When a restaurant is opened by a completely inexperienced (in the restaurant business) person, what do you folks think are the main problems they have in running a place?  In my area, several have opened and closed within a year and am just curious as to what their main problems may have been, since they were experienced in running other businesses.....just decided they wanted to open a restaurant.

Thanks.


----------



## cheflayne (Aug 21, 2004)

insufficient initial operating capital


----------



## foodpump (Oct 10, 2005)

Cheflayne beat me to it!

That,s the #1reason. Others are:

. No supervisory skills regarding staff(If you hire a bartender you better know 101 ways to cheat, cause the bartender knows 99)

.Ignorance of municipal bylaws- parking, liquor, plumbing, electrical, and especially hvac


And at a close #3...
.Sh*tty landlords and/or being stupid enough not to get a lawyer to read the lease before signing it.


----------



## pete (Oct 7, 2001)

Also understanding that the profit margin for the restaurant business tends to be very, very slim.  Without their proper oversight, or hiring someone experienced, that they trust, that profit margin will very quickly dwindle away. Theft, overproduction, comps, bartenders and servers giving away free drinks, waste, they all add up, and without an eye out for those details that profit will go away very quickly.


----------



## chefwriter (Oct 31, 2012)

I'll add "general cluelessness". This includes gambling or drug addiction, comping meals for friends and family, using the restaurant supplies as personal grocery store, keeping unprofitable hours, treating the cash register as an ATM while neglecting basics such as sales tax and quite a few others. Previous business experience doesn't mean anything was learned, just that they were in business.
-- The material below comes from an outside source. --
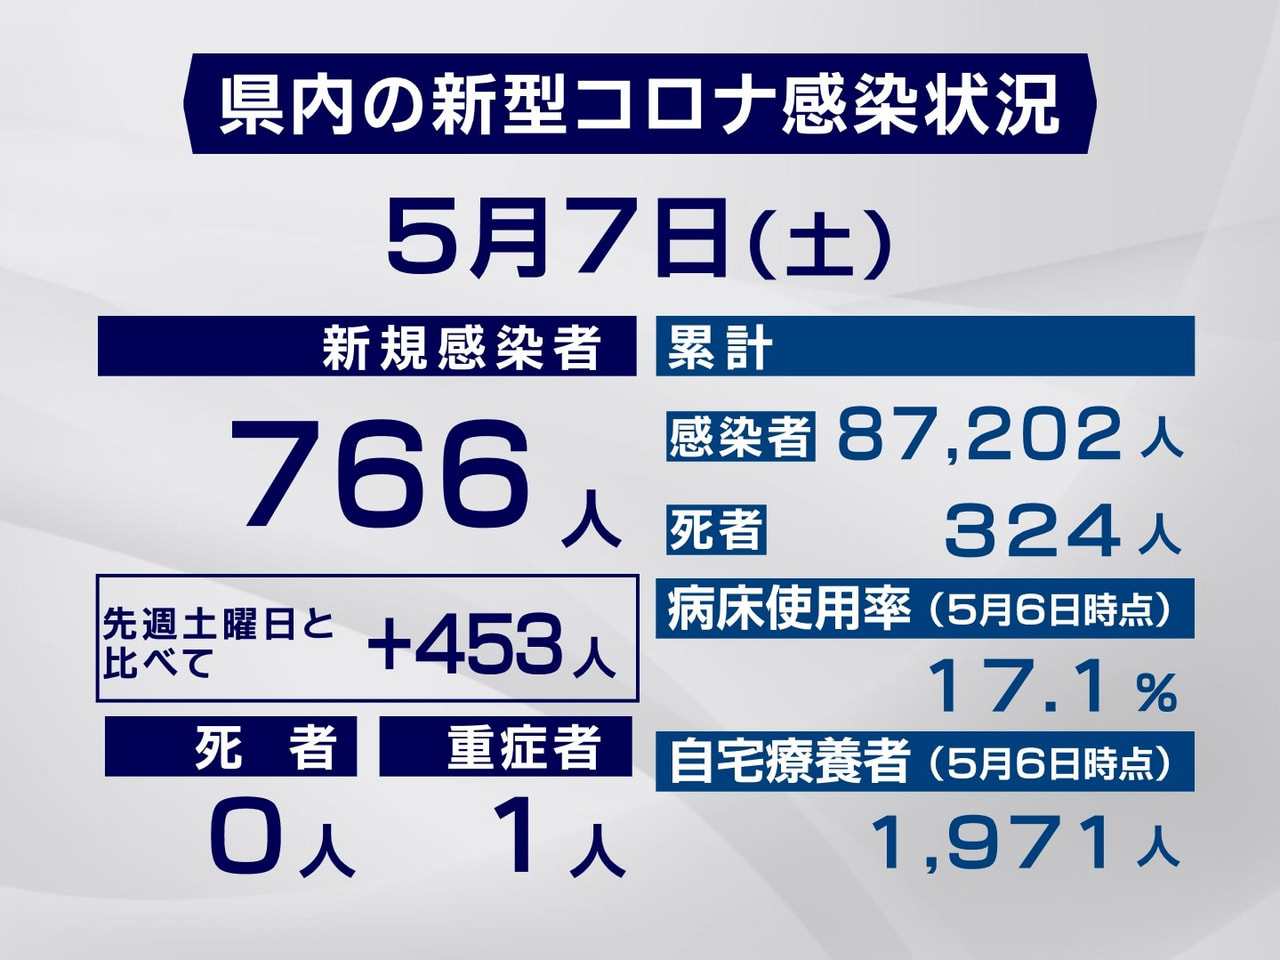 岐阜県は７日、新型コロナウイルスの新規感染者が７６６人確認されたと発表しました。...

     I have been familiar with more people than I can recall who wanted to think of themselves as business like but refused to alter personal behavior that was having a directly negative effect on their business.


----------



## cheflayne (Aug 21, 2004)

Pete said:


> Also understanding that the profit margin for the restaurant business tends to be very, very slim. Without their proper oversight, or hiring someone experienced, that they trust, that profit margin will very quickly dwindle away. Theft, overproduction, comps, bartenders and servers giving away free drinks, waste, they all add up, and without an eye out for those details that profit will go away very quickly.
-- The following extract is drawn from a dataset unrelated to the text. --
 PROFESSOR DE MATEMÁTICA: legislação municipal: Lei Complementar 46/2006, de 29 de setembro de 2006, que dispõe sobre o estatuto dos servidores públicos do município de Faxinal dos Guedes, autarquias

Ditto this big time. Consider a restaurant with sales of $1m and a profit of 3%, one meal at $27.00 a day unaccounted for and suddenly your profit is around 2%.
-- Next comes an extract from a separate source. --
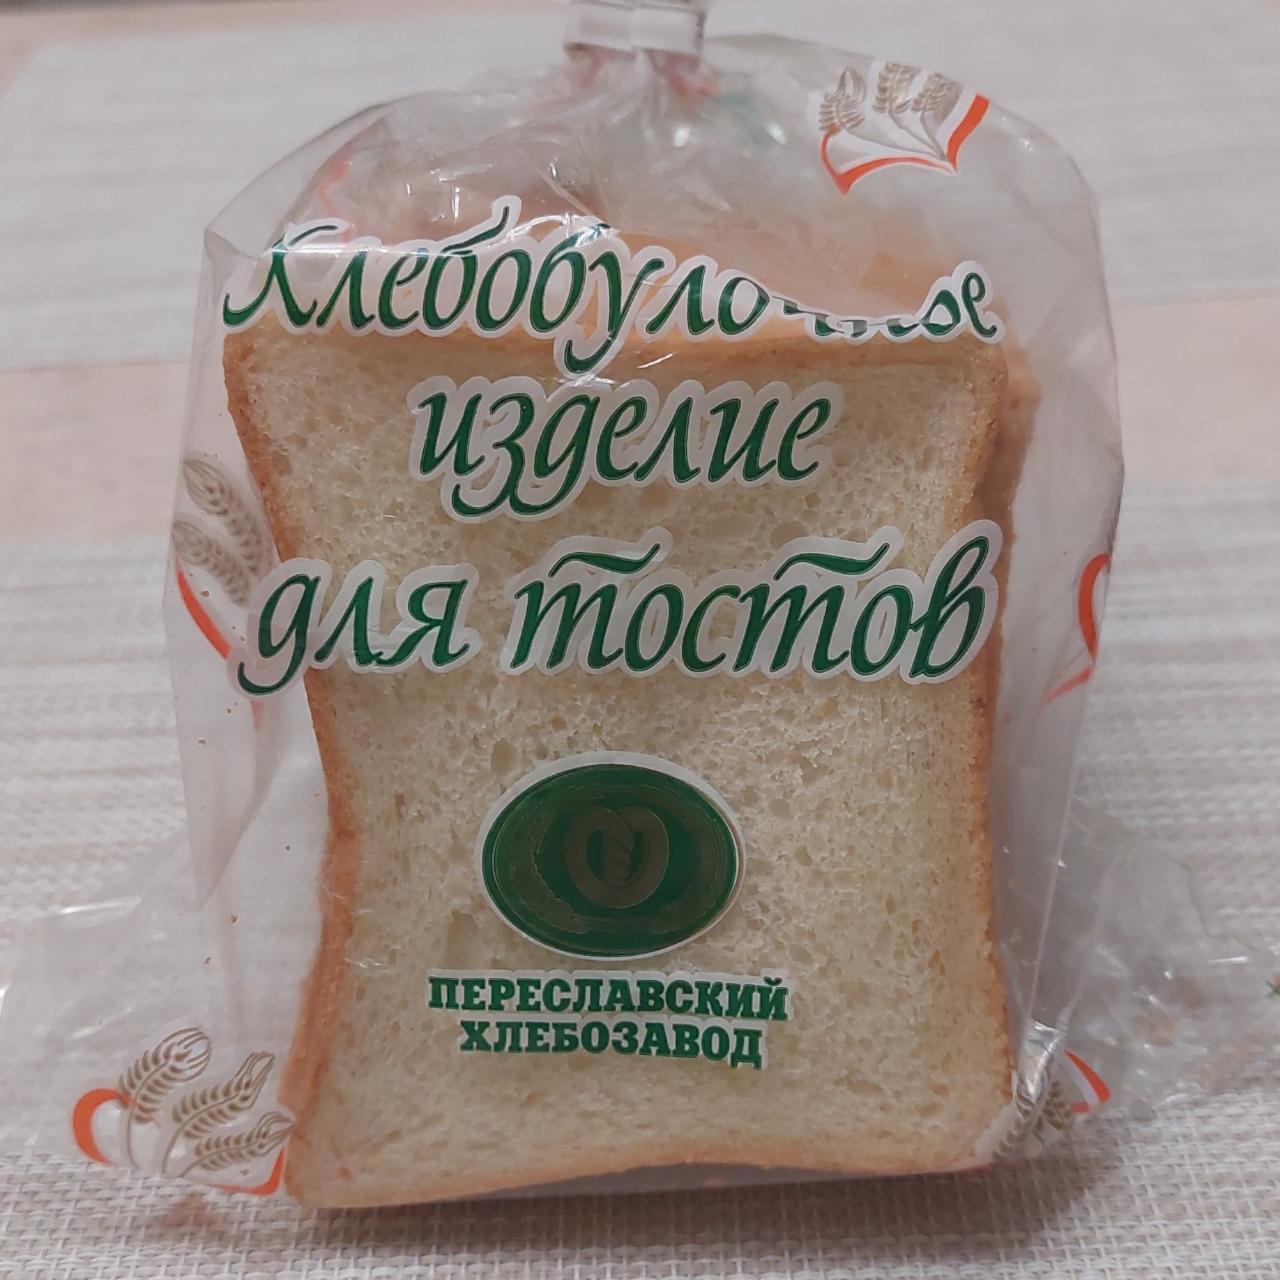 Фото - Хлебобулочное изделие для тостов Переславский хлебозавод

Another thread that dovetails with this one pretty nicely is
[thread="84654"]New Here Took On A Kitchen Nightmare Restaurant Impossible Job Need Help [/thread]


----------



## chefedb (Apr 3, 2010)

Inexperience,lack of proper funding,not enough plain business savay,not knowing how to purchase correctly, wrong location, wrong concept, bad food and service.  People think its show biz, they don't realize the work and commitment involved the boss of the restaurant is the front door.


----------



## phaedrus (Dec 23, 2004)

Undercapitalization is the biggie, followed by lack of understanding of the business.  Location is also a huge issue; there's one restaurant in my city that actually was owned by seven different owners and was seven different businesses in ten years!  After every one of them failed it was eventually bought by city govt for use as a public building.  The location was simply unworkable as a restaurant due to the location.


----------



## frankie007 (Jan 17, 2015)

Hi there,

I agree with the previous posts, let me just give you my 2 pennies worth as I had a restaurant that failed in it's first year. First of all it is not just about opening the door. You will have to have a good cushion, lets say enough money to run it 6 months to a year at a loss. People don't know you, it will take them weeks if not months to come in for the first time. This is what made me close my place, people just started coming back but I couldn't keep up with the rent and the bills. The type of restaurant you want to open can make huge difference too. Fine dinning will require a set of skilled people that do not come cheap. A large menu and not enough costumers will result in a lot of waste. I have been to an Argentinian restaurant the other day that really impressed me, a simple operation they specialize in meat one chef on the grill one dressing up the plates/washing up. Two of them doing 50 - 60 covers no problem.

As people said before me it is a cash business which makes it vulnerable to people with sticky fingers. I live in London and this problem has prompted a few places NOT to take cash any more, cards ONLY but the jury is out on this I haven heard yet how they are doing....If you thinking of opening the place and then handing it to a manager to run it forget about it, *you* need to keep everything tight, *every day. *Majority of people in the industry will tell you that this is terrible business to be in, and it is true, rewards are very small for the effort and money you put in. I don't want to be discouraging but it is better if you go in it with your eyes wide open. I have worked for a few people with what I call Casablanca syndrome, they think they are Humfrey Bogart running this fictional place and all they do is go around and tell waiters "Champagne for table 8 on the house", if only the real thing was like that....Soon they were out of cash and I without the job. So a few thing to consider, on the other hand when it works it is a beautiful thing...

Good luck!


----------



## hookedcook (Feb 8, 2015)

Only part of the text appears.